Exercise: For the listing below, the answer is an exact retyping of the lines from the one with "Etro \N Blue" through the one with "گردنبند طلا قلب کوچک", both included, without pictures.

Given entries:
▽

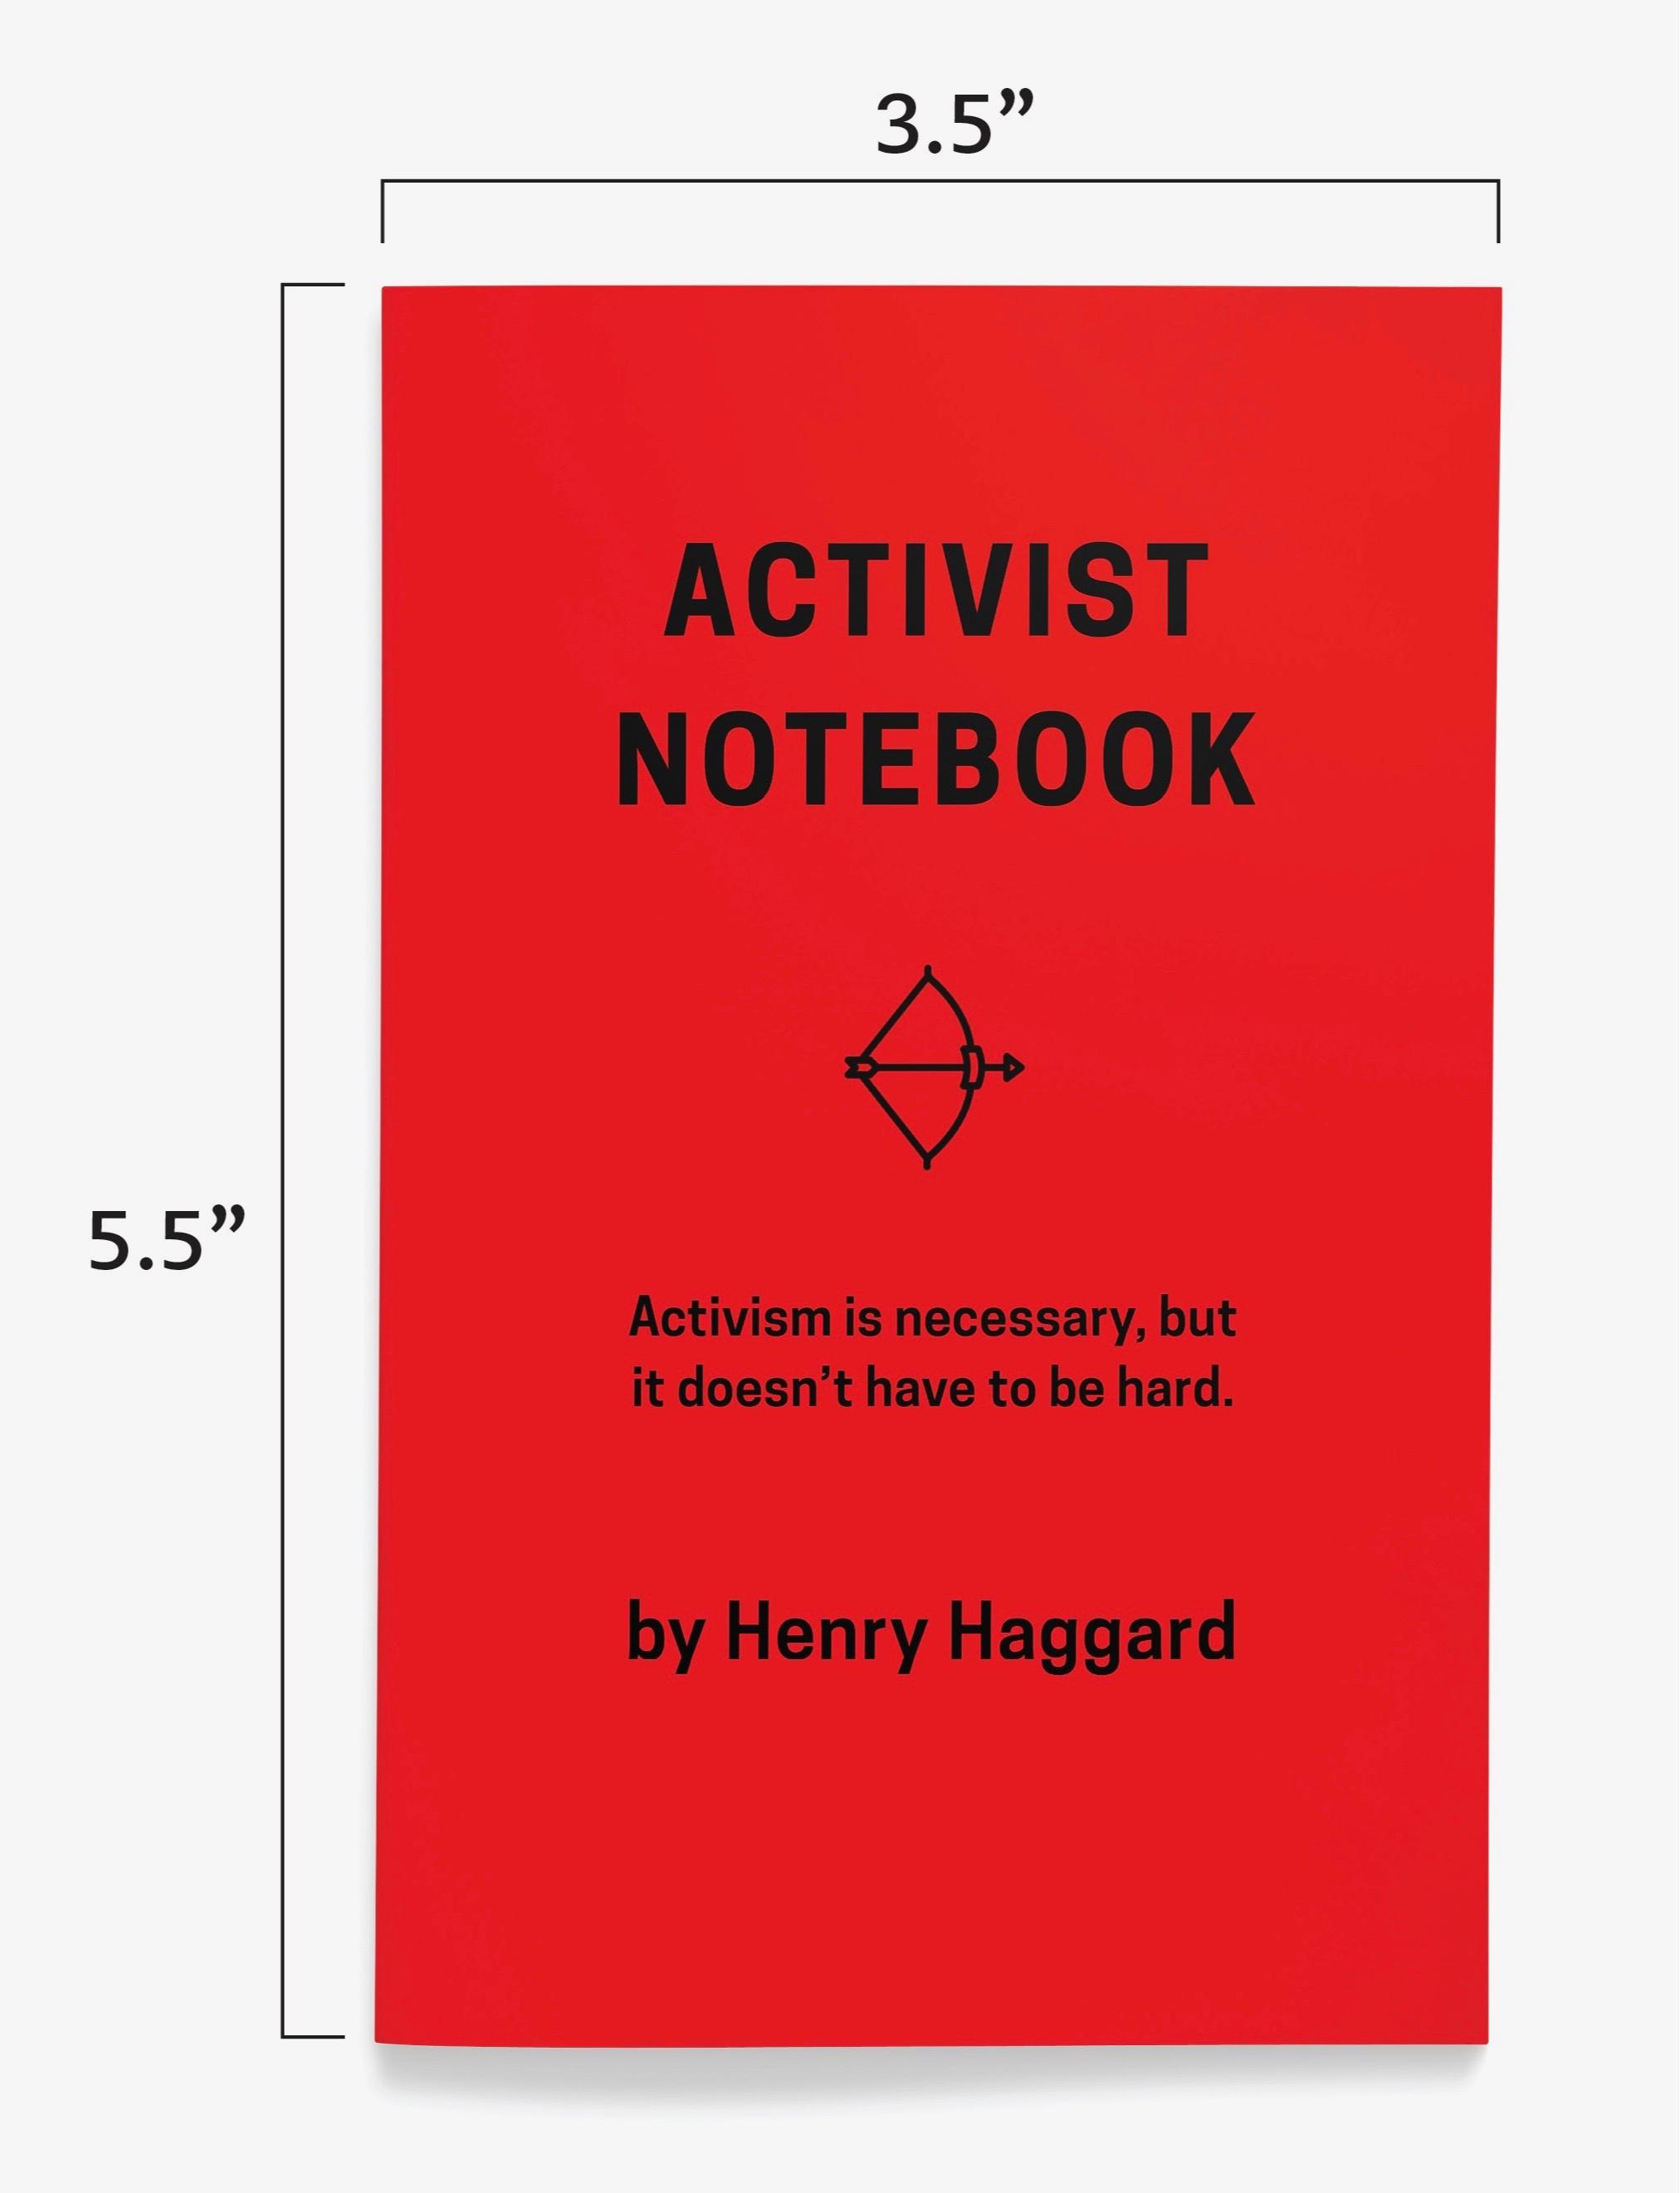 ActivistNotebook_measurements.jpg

△
▽

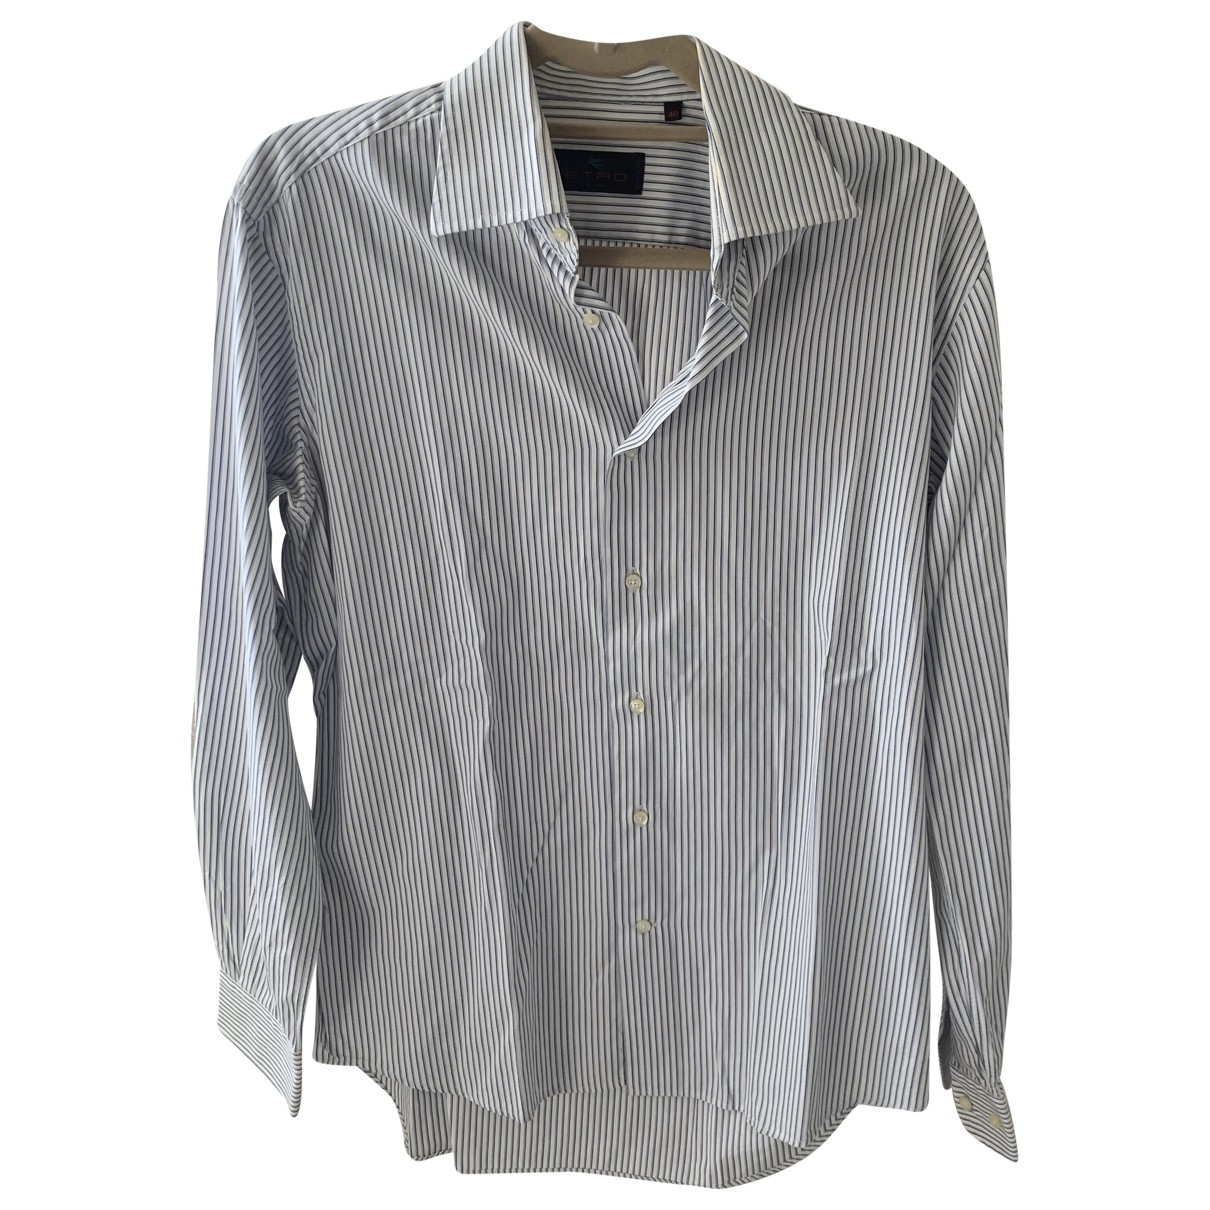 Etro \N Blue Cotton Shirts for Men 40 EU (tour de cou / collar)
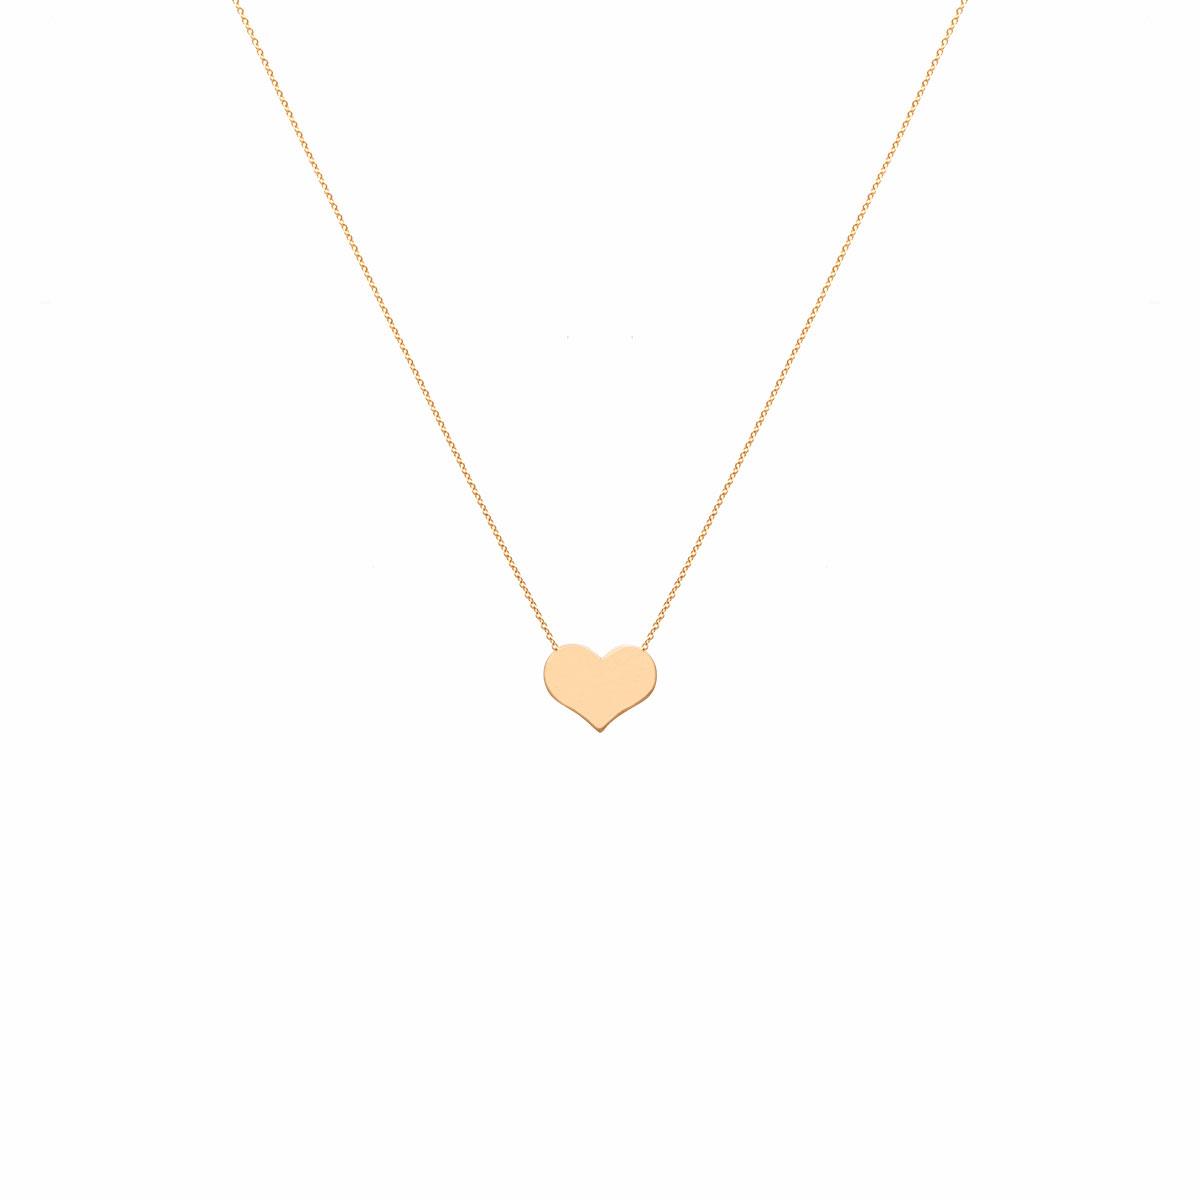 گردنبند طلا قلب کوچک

△

Solution for this task:
 Etro \N Blue Cotton Shirts for Men 40 EU (tour de cou / collar)
 گردنبند طلا قلب کوچک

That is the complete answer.